Для него Москва – прежде всего город, где заключается союз главнейших сил Русской земли: народа и монарха. Здесь составляется своего рода общественный договор в отечественном варианте. А значит, Великий город – это прежде всего место русского единения, колоссальная «скрепа» для жизни всей страны: «Москва подняла знамя
Союз царя и народа, переживший Смуту, позволил присоединить «Южную Русь, с… Киевом и священными и славными воспоминаниями», затем основать Академию, а следовательно, начать «благой подвиг просвещения». Константин Сергеевич всюду подчеркивает самобытность русского пути. Россия спешит заняться просвещением, не покидая «коренных начал» и воздвигая на «русских самостояньях… гражданское русское устройство». И все это, подчеркивает К. С. Аксаков, было возможным в эпоху, когда Москва являлась «столицею Земли и Государства».

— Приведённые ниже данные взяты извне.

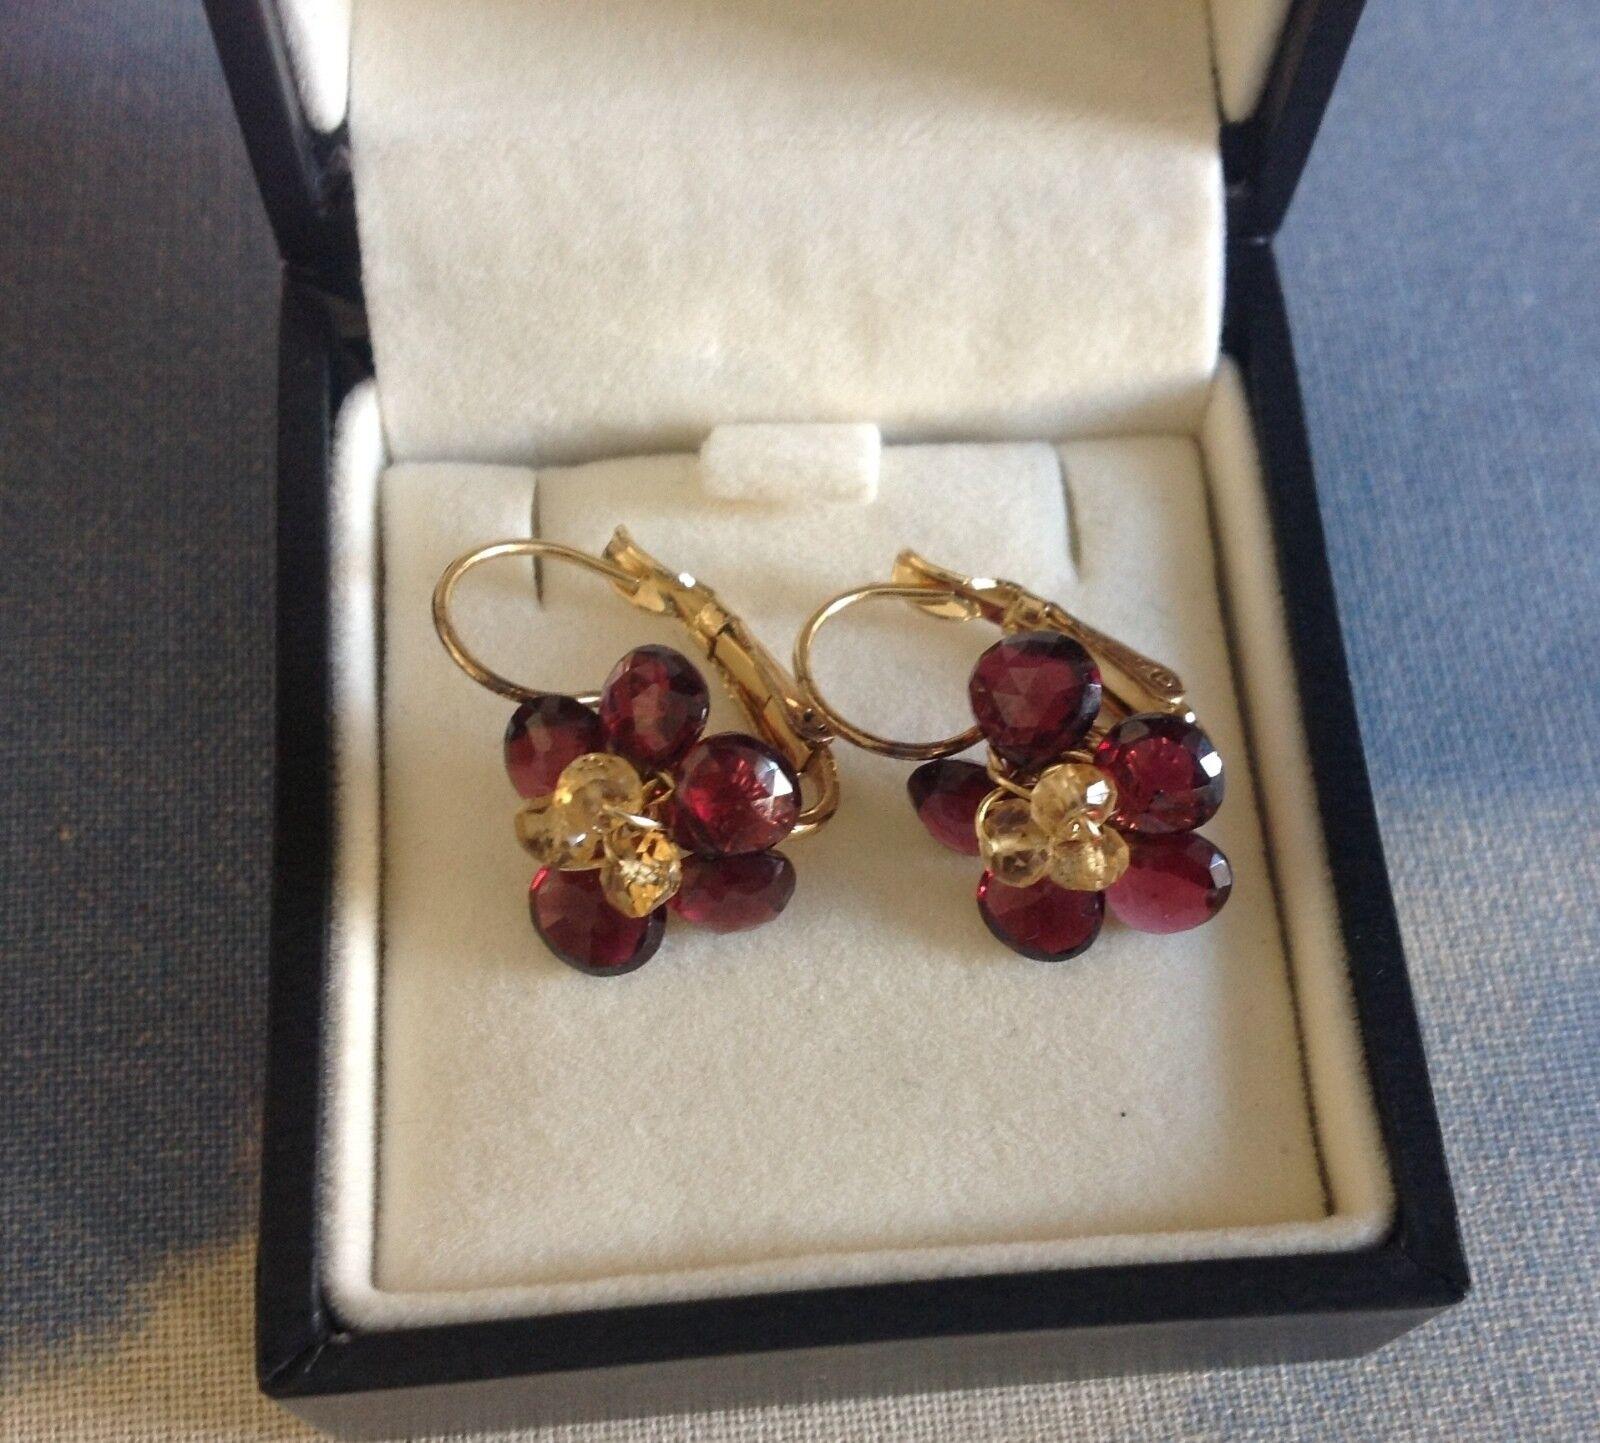 14K gold earrings with granat gemstones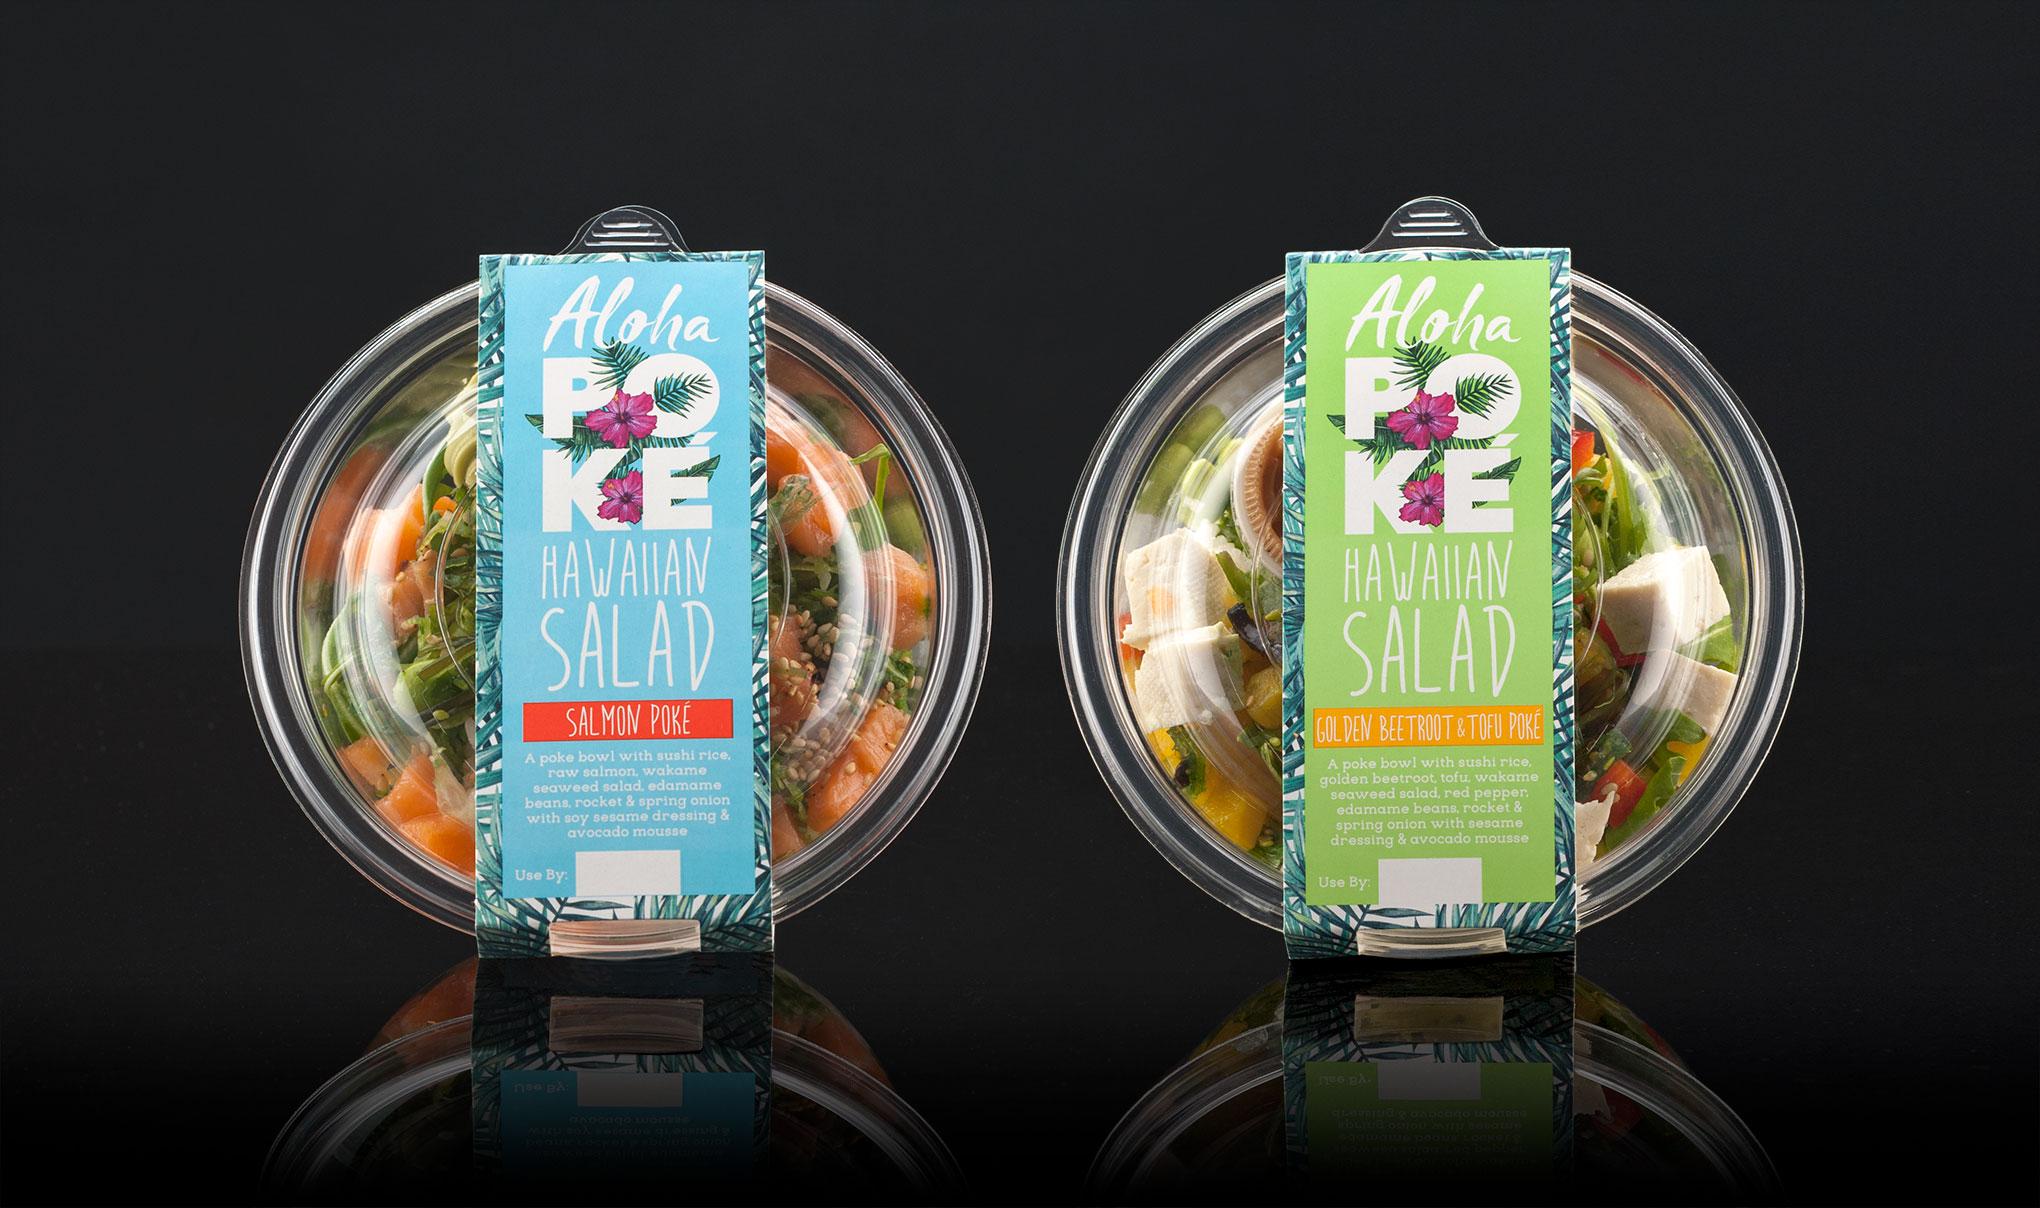 Aloha Poke Packaging Design by Creative Agency - Flipflop Design

Когда Москва осталась «средоточием народным» и перестала быть «столицей государства», когда высшим администратором стал Петербург, Россия получила внутреннюю язву, жестоко терзавшую страну и постепенно увеличивавшуюся. Дошло до тяжкого поражения Империи в Крымской войне. Константин Сергеевич уверен – не будь этого трагического разделения, не случилось бы и великого срама для русского оружия.
Хомяков и Аксаков во многом несогласны меж собою. Но кое в чем едины. Оба утверждают: Москва – средоточие народа, «земская столица», главный город Земли. Иначе говоря, они творят для Москвы обновленный миф, годный для XIX века: Москва как столица нации. Как величайший центр русского народа, русской культуры, русских интеллектуальных сил, да и вообще русскости как таковой. Здесь формулируется русское будущее.
Славянофилы не столько схватывали разумом, сколько, прежде всего, чуяли чужесть Петербурга России. Слишком много там прозревали они элементов, отрицающих исконные предания народа, слишком много видели иноземного, заимствованного. Они интуитивно противопоставляли Петербургу Москву, как город «органический», сам себя строивший и развивавший.
Но была в славянофильстве позиция и гораздо более радикальная.
Николай Петрович Аксаков уже и в средневековой Москве видел слишком много нерусского. Да, по его мнению, присутствовало и в самой Москве и, подавно, в московском периоде русской истории осознанное «право земли». Оно вообще имеет домосковское происхождение, и московские времена унаследовали его от более древней эпохи. Однако государство засоряло традицию «византизмом», а Москва источала гордыню, мучила страну волокитой. Что же касается преодоления Смуты, то и тогда освободительное земское движение «…началось не в Москве, а далеко от Москвы, преимущественно на окраинах тогдашней России, там, где московское влияние было наименее сильно» («Москва и московский народ», 1886). Более того, роль «земли» умалилась, по мнению Н. П. Аксакова, при московских государях. Он видит «…стремление правителей по возможности чуждаться мнения земли и по возможности освобождаться от ее опеки», хотя полное отчуждение и невозможно. В сущности, монархи московские хороши были тем, что они превосходно осознавали потребность «совета» с землей. При них «разрозненные вечи воскресли в виде одного единого земского собора…». Достойно сожаления то, сколь нерегулярно созывался собор и как много вреда принесло нежелание прислушаться к мнению земли, высказанному на его заседаниях.